Thermophoresis of Brownian particles driven by coloured noise

Thermophoresis of Brownian particles driven by coloured noise
Scott Hottovy, Giovanni Volpe & Jan Wehr
EPL (Europhysics Letters) 99(6), 60002 (2012)
DOI: 10.1209/0295-5075/99/60002
arXiv: 1205.1093

Brownian motion of microscopic particles is driven by collisions with surrounding fluid molecules. The resulting noise is not white, but coloured, due, e.g., to the presence of hydrodynamic memory. The noise characteristic time-scale is typically of the same order of magnitude as the inertial time-scale over which the particle’s kinetic energy is lost due to friction.

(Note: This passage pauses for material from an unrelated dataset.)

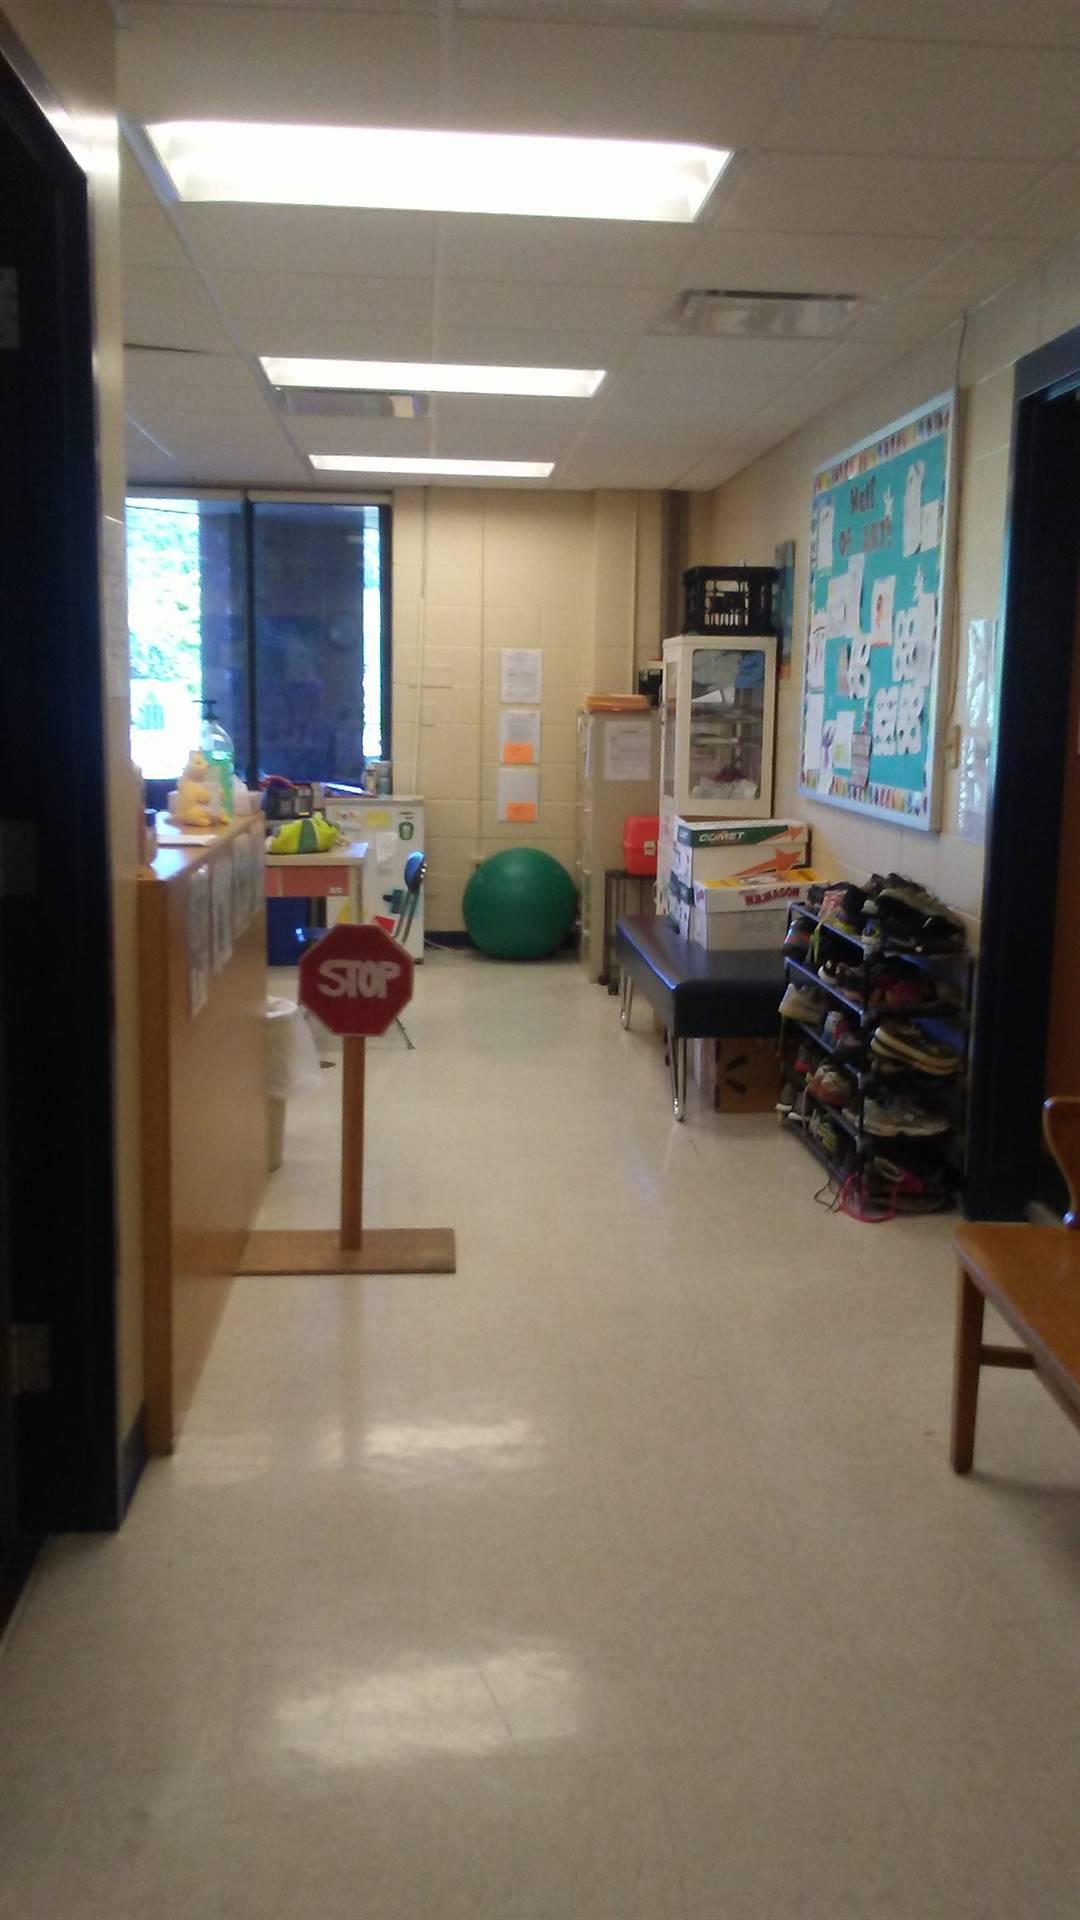 Entering the World of School Health

We demonstrate theoretically that, in the presence of a temperature gradient, the interplay between these two characteristic time-scales can have measurable consequences on the particle’s long-time behaviour. Using homogenization theory, we analyse the infinitesimal generator of the stochastic differential equation describing the system in the limit where the two time-scales are taken to zero keeping their ratio constant and derive the thermophoretic transport coefficient, which, we find, can vary in both magnitude and sign, as observed in experiments. Studying the long-term stationary particle distribution, we show that particles accumulate towards the colder (positive thermophoresis) or the hotter (negative thermophoresis) regions depending on their physical parameters.